[[ SOURCE MATERIAL, beginning ]]

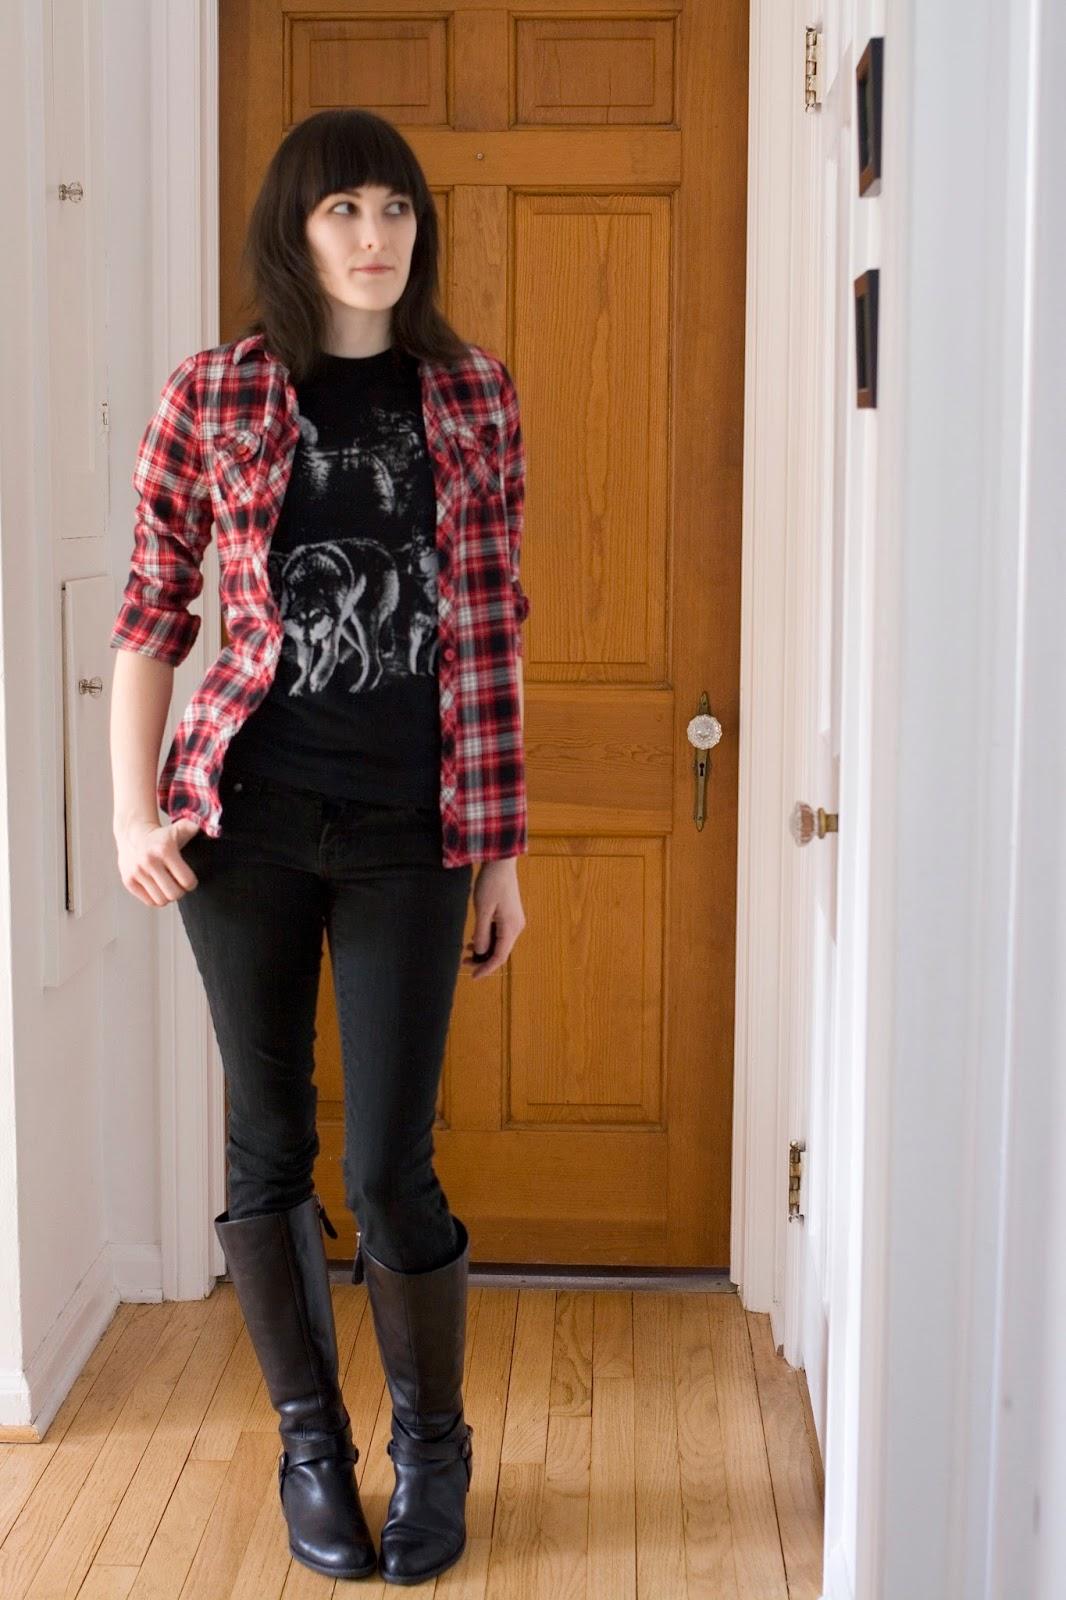 Plaid shirt: OP/Ocean Pacific - Tee: Random shady vendor - Jeans: Grane - Boots: Franco Sarto - www.bombasine.com
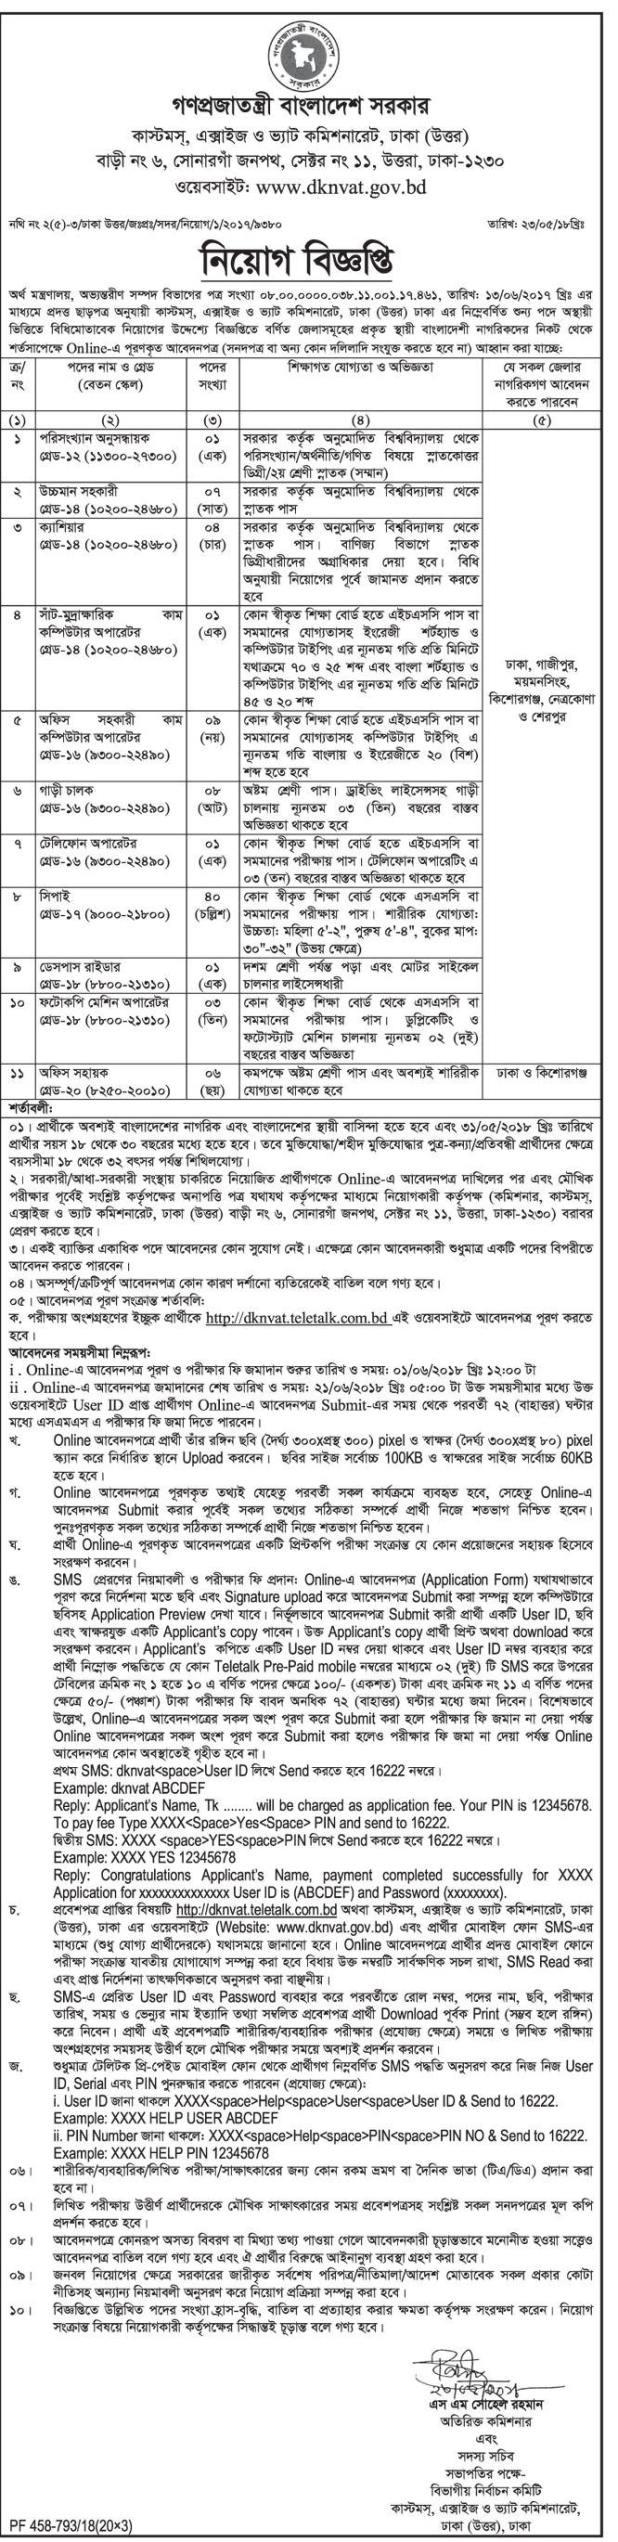 Bangladesh Customs Excise & Vat Commissionerate Job Circular 2018
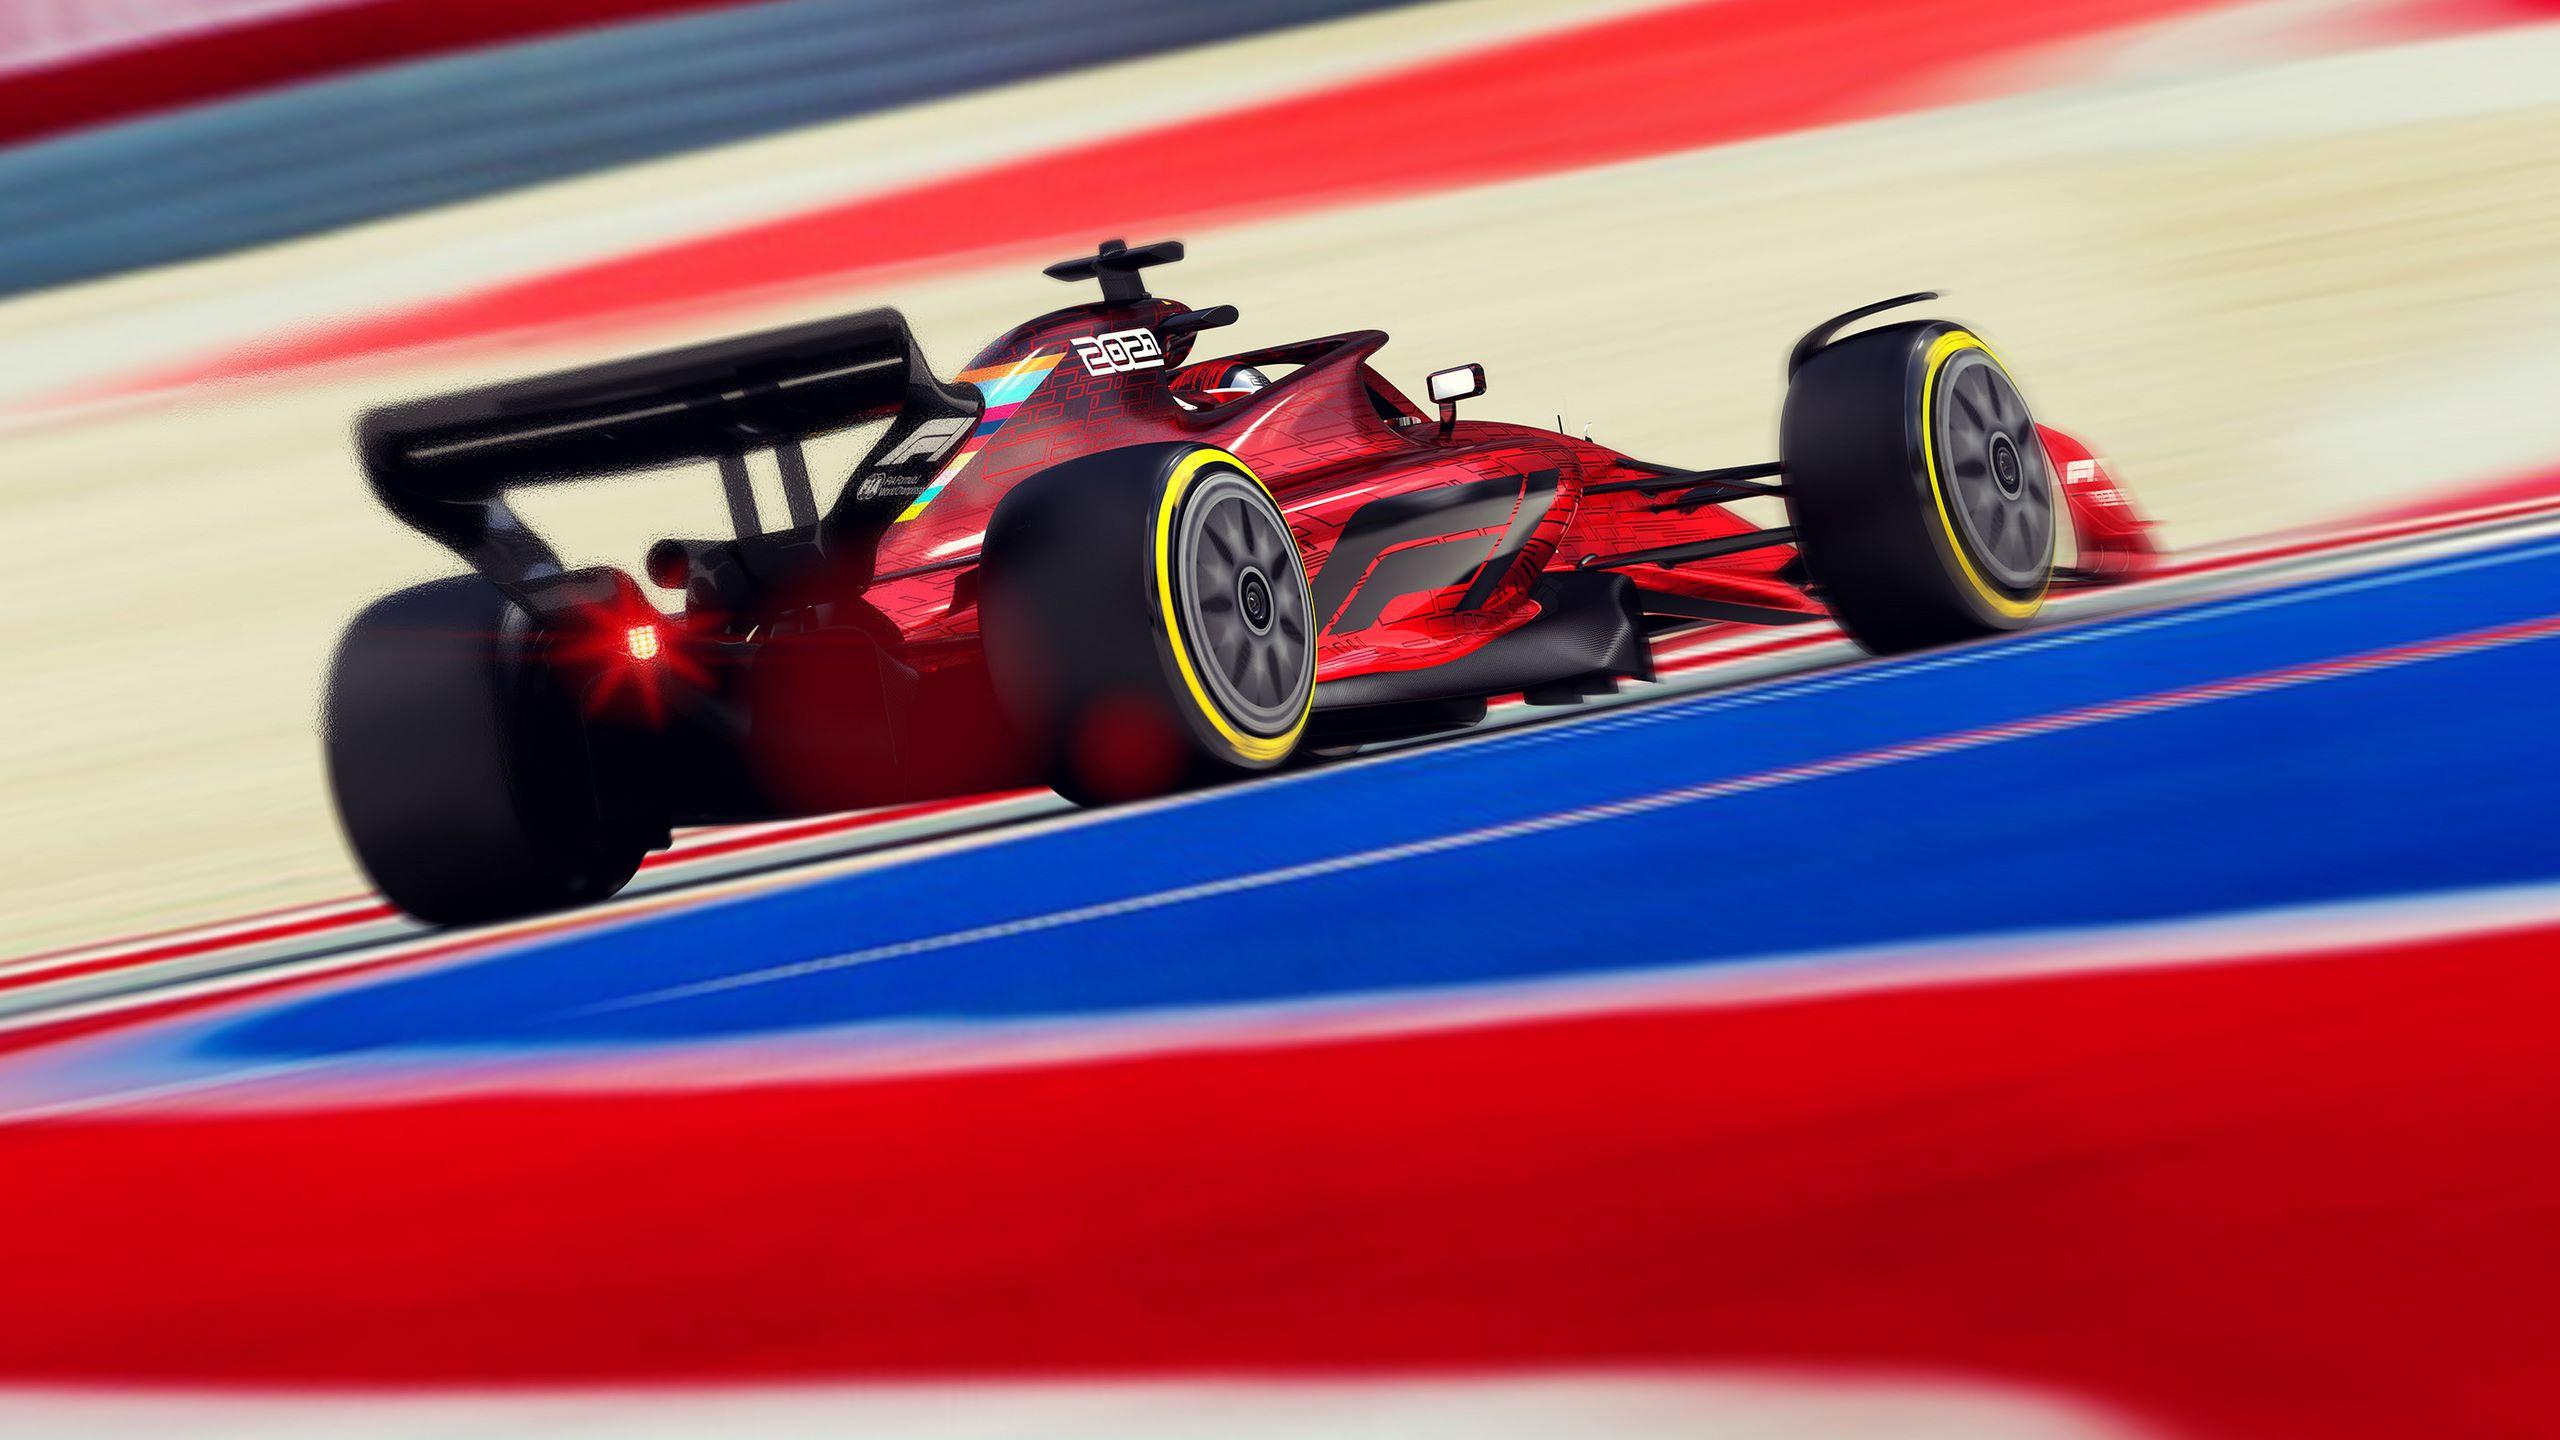 2021-formula-1-race-car-rendering f1 (14)
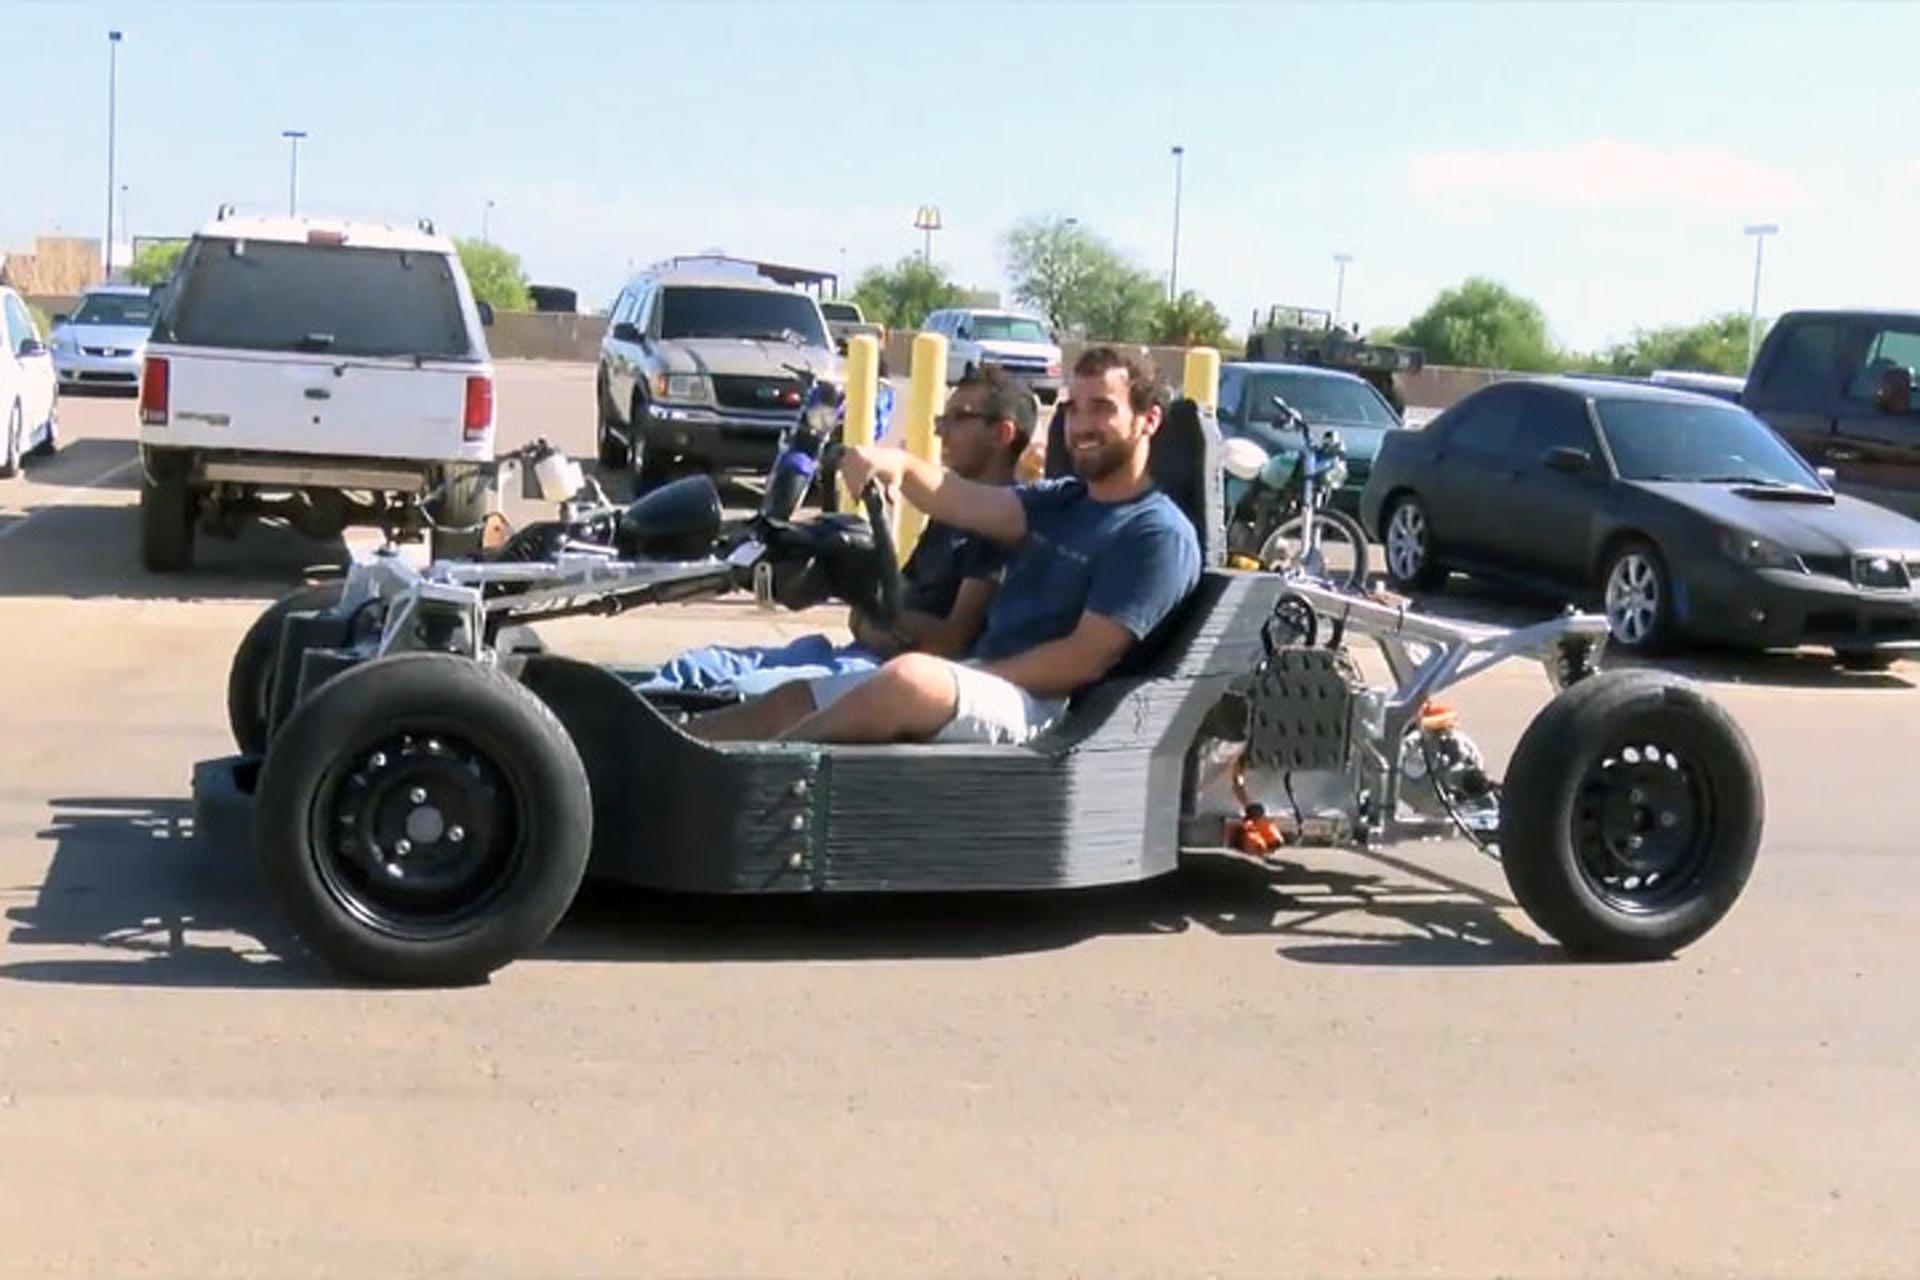 Local Motors Reveals 3D Printed Car Design, Shows Off Test Mule

[[ SOURCE MATERIAL, end ]]

Only the lines from the one with "2021-formula-1-race-car-rendering f1 (14)" through the last line of the listing belong in your answer; copy them exactly and skip the pictures.

 2021-formula-1-race-car-rendering f1 (14)
 Local Motors Reveals 3D Printed Car Design, Shows Off Test Mule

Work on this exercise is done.